LIVING standards in the United States have begun a period of stagnation or decline. That's a fairly common assumption among economists. They aren't talking about a recession, though that is also possible. What they are referring to is lower per person domestic spending on consumer goods and services - cars, sheets, toys, permanents, and so on.
For example, Michael W. Keran, chief economist of the Prudential Insurance Company of America, figures five years of consumer spending plenty ended in 1986 and five years of consumer spending famine (or at least stagnation) began last year.
That's because the US has been living beyond its means, enjoying massive imports, and now has started to pay the price.
``For the vast majority, the most important event in 1987 was the start of a five-year decline in the US standard of living,'' says Dr. Keran. The major economic event wasn't the October stock market bust.
Last year real domestic consumer spending rose less than 1 percent and population probably rose about 1 percent. So, on a per capita basis, the average person spent the same or slightly less on the goods and services that make up his or her living standard.
Over the last three decades, consumer spending has averaged 62 percent of ``potential'' gross national product (GNP), or the total output of goods and services. GNP includes plant, equipment, and other items bought by business as well as consumer-bought items. Consumer spending declined only slightly below that 62 percent level in the 1981-82 recession, the worst in several decades. Subsequently, consumer spending rose to 67 percent of potential GNP (a Commerce Department measure Keran uses to avoid the impact of the business cycle on consumer spending). That was the highest level in history.
The Reagan tax cuts added hundreds of billions of dollars to consumer purchasing power. They also swelled the federal deficit, helping hike interest rates. Many of the newly-issued Treasury bonds and other American debts were bought by foreigners. That drove up the exchange value of the dollar. This enabled Americans to buy oodles of imports at relatively cheap prices. So imports rose from about 10 percent of potential GNP in 1982 to more than 15 percent in 1986, again a historic record.
``No wonder Ronald Reagan's approval rating remains so high,'' says Keran. ``No other president has provided such a bonus to consumers.''
Now the dollar has plunged in value. Americans must pay more for imports. Further, they must service the foreign debts piled up to pay for imports and finance the government deficit.
``This has made the foreign investor an important participant in the US economy for the first time since the 19th century,'' says Keran.
With a weaker dollar, US exports started rising rapidly last year, and this will continue. Those exports are consumed abroad, of course, not in the US. Imports could also weaken.

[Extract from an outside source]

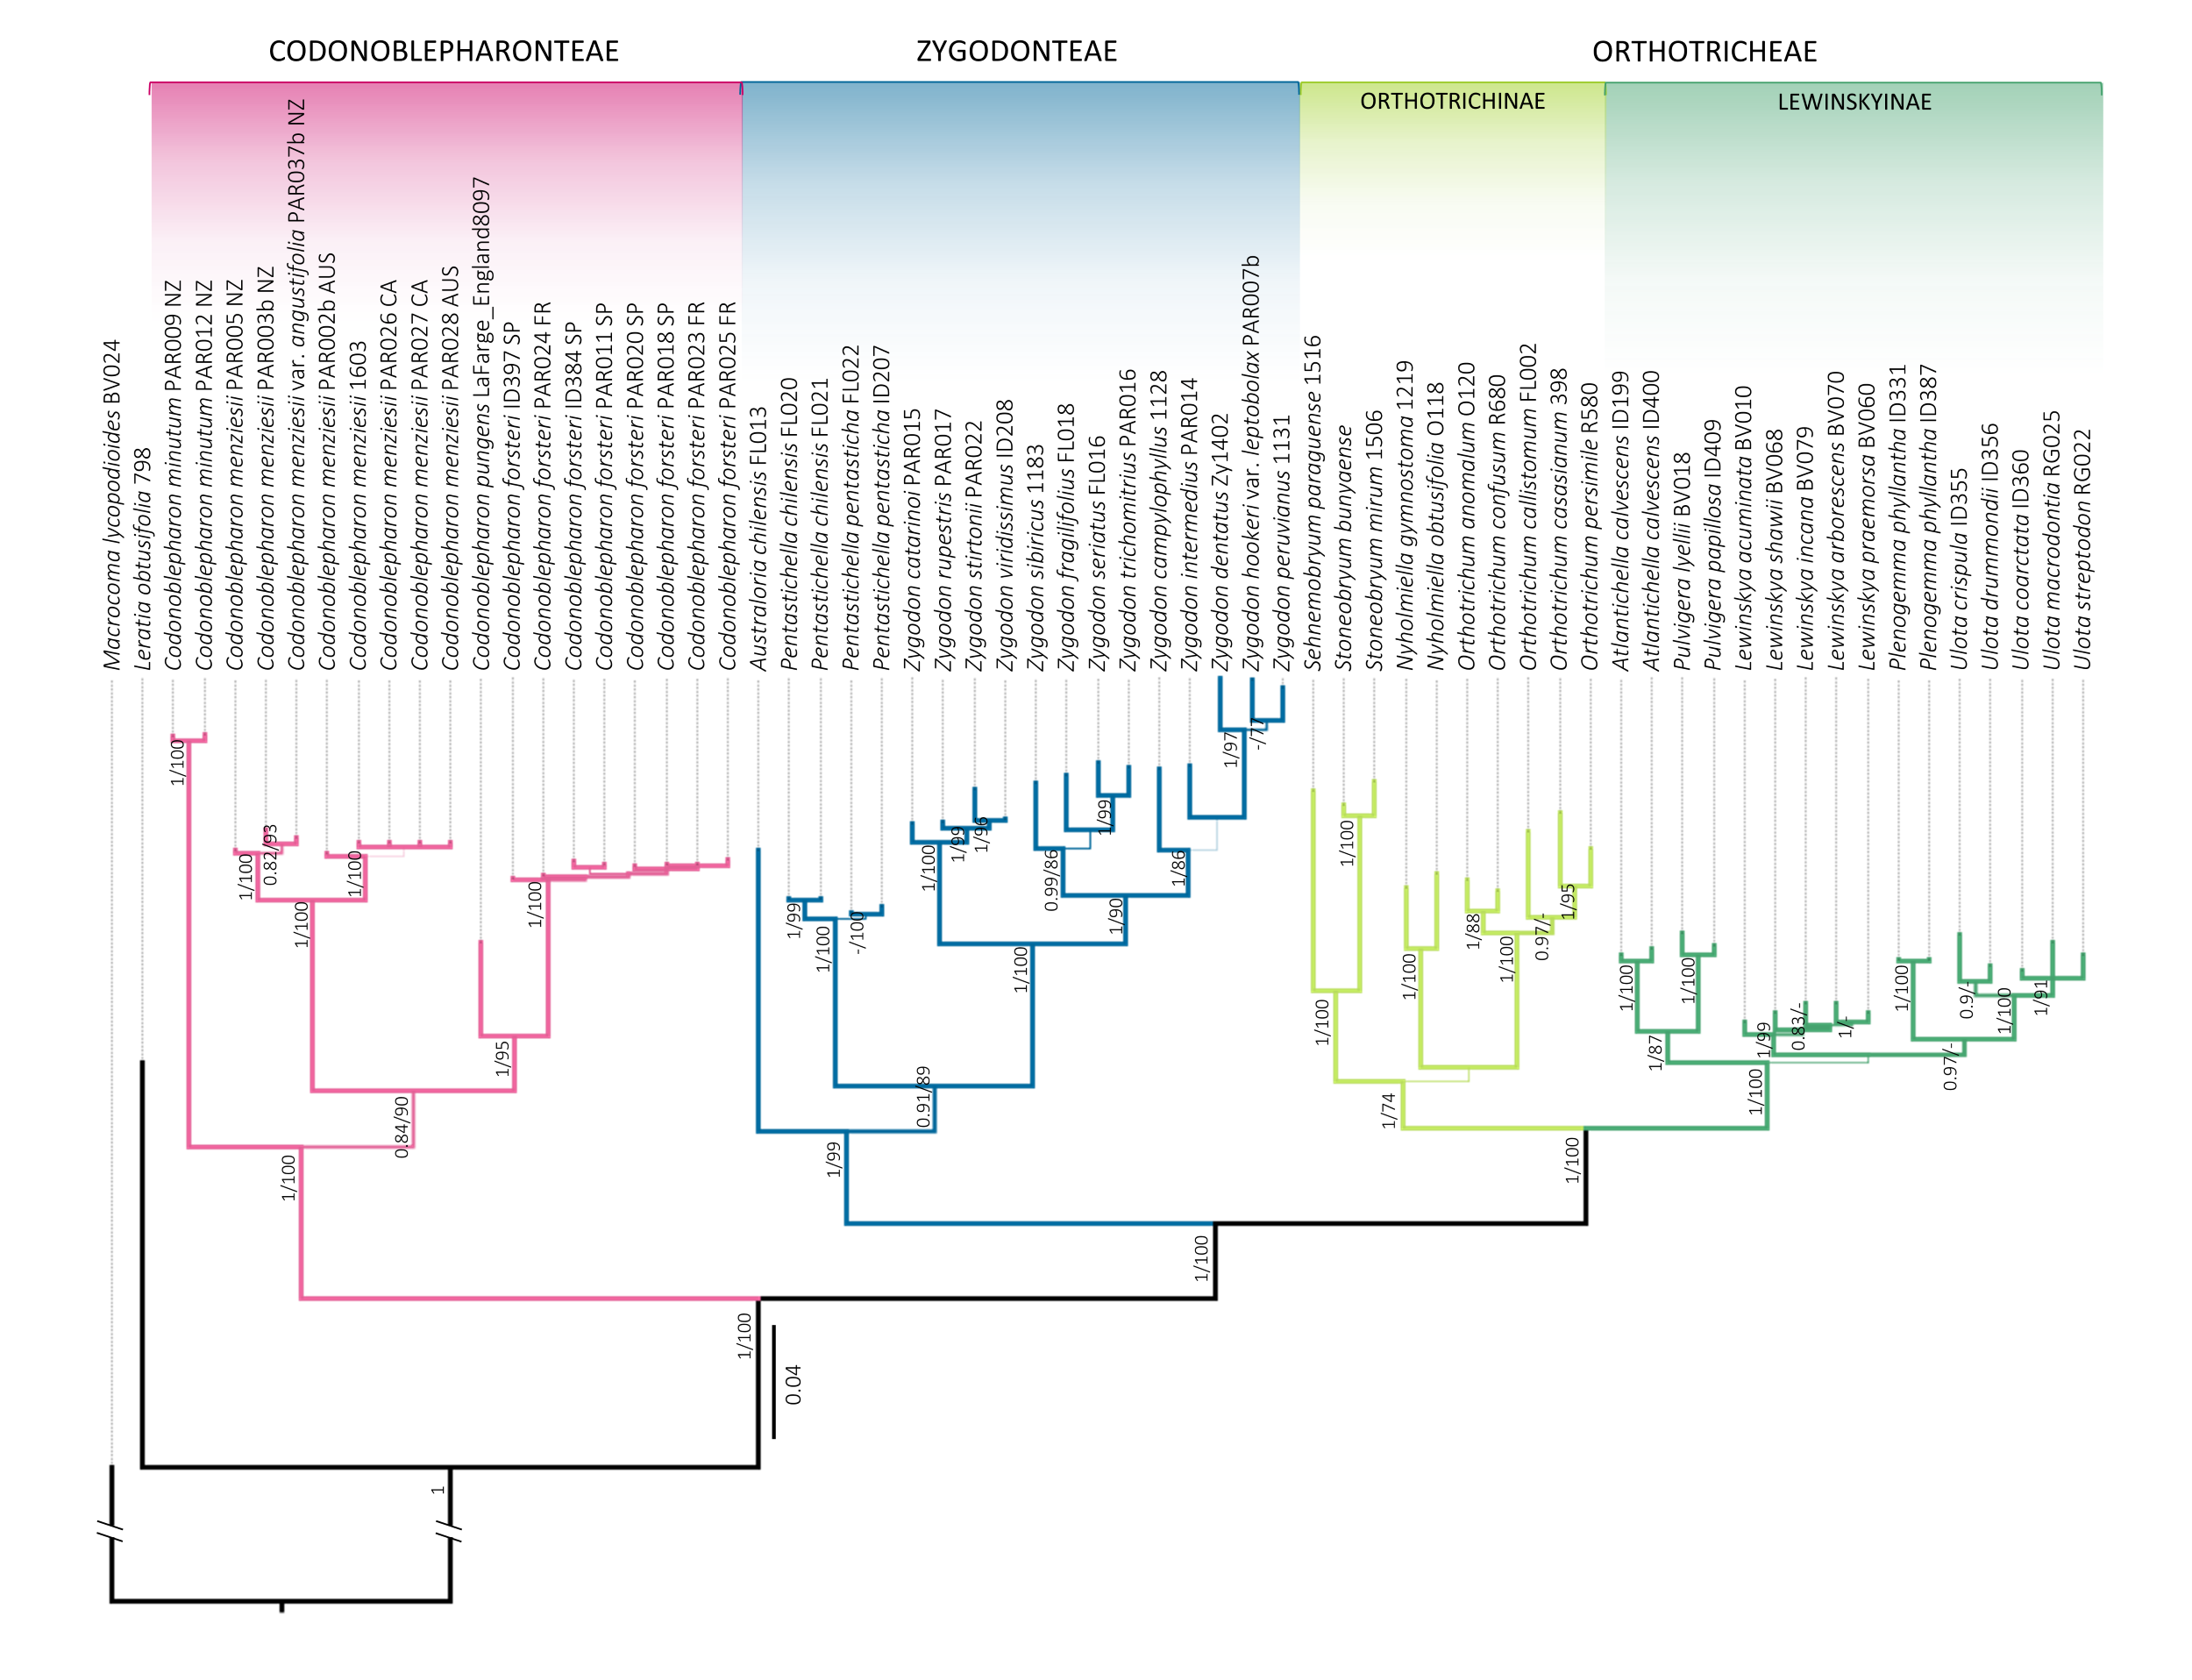 Arbol filogenético con la nueva propuesta taxonómica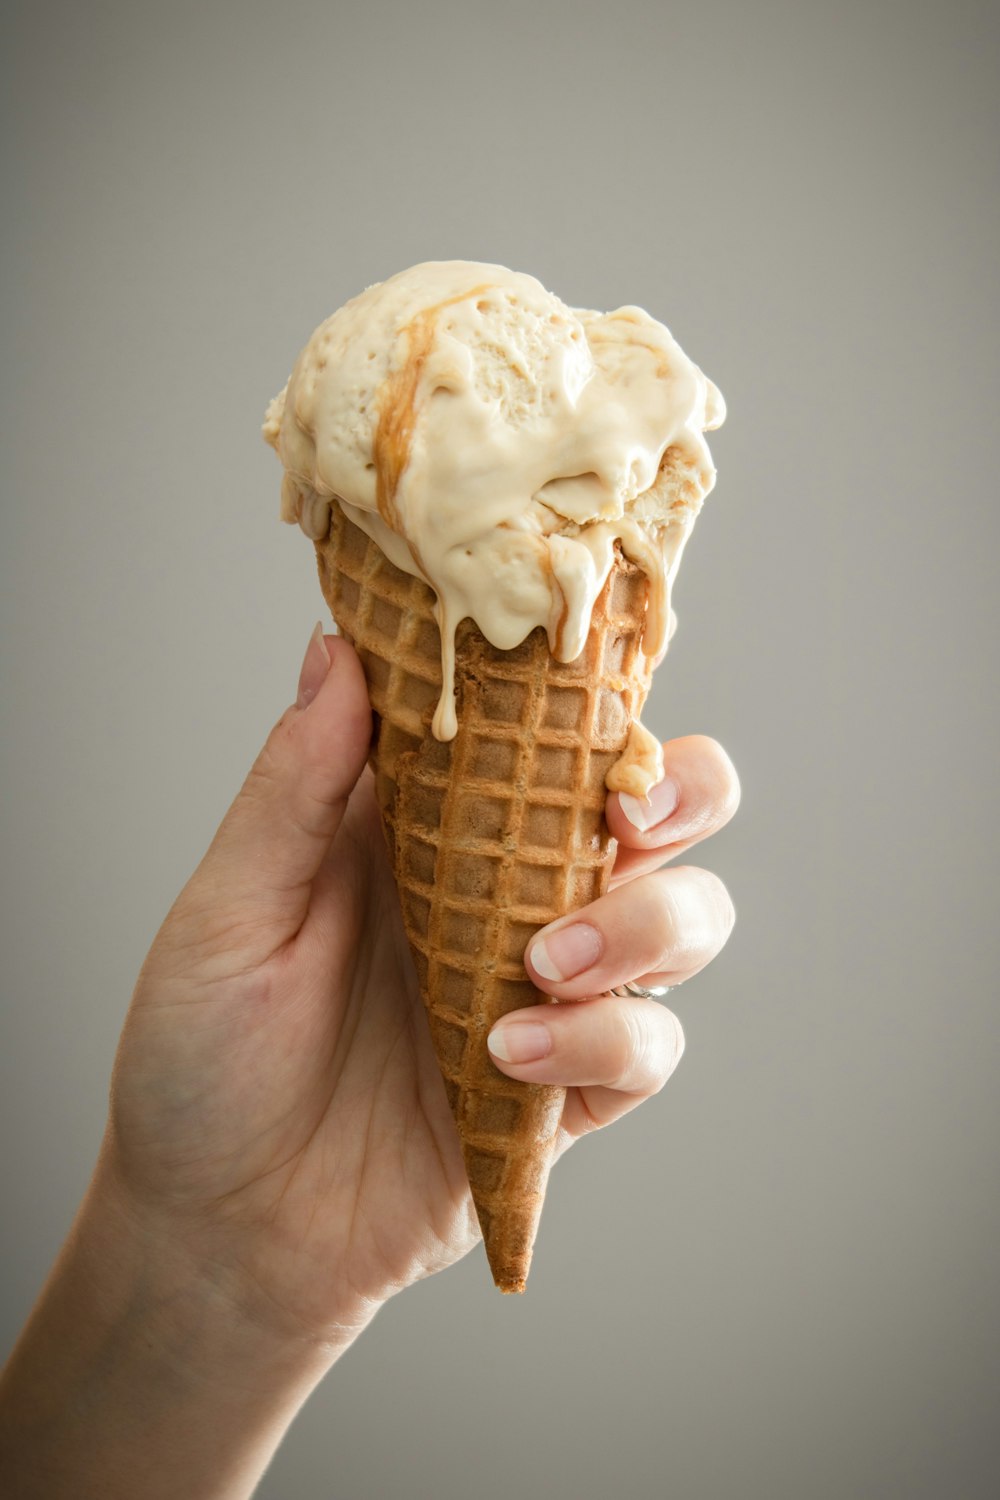 茶色の円錐形に白いアイスクリーム

Whether or not US living standards actually decline or merely stagnate depends on how fast the nation makes the switch from domestic consumption to exports and on how rapidly the economy grows. The increase in exports and stronger business investment can prevent a recession. Last week's drop in the unemployment rate to 5.7 percent suggests no slump is imminent. But Keran is forecasting a slight real drop in living standards.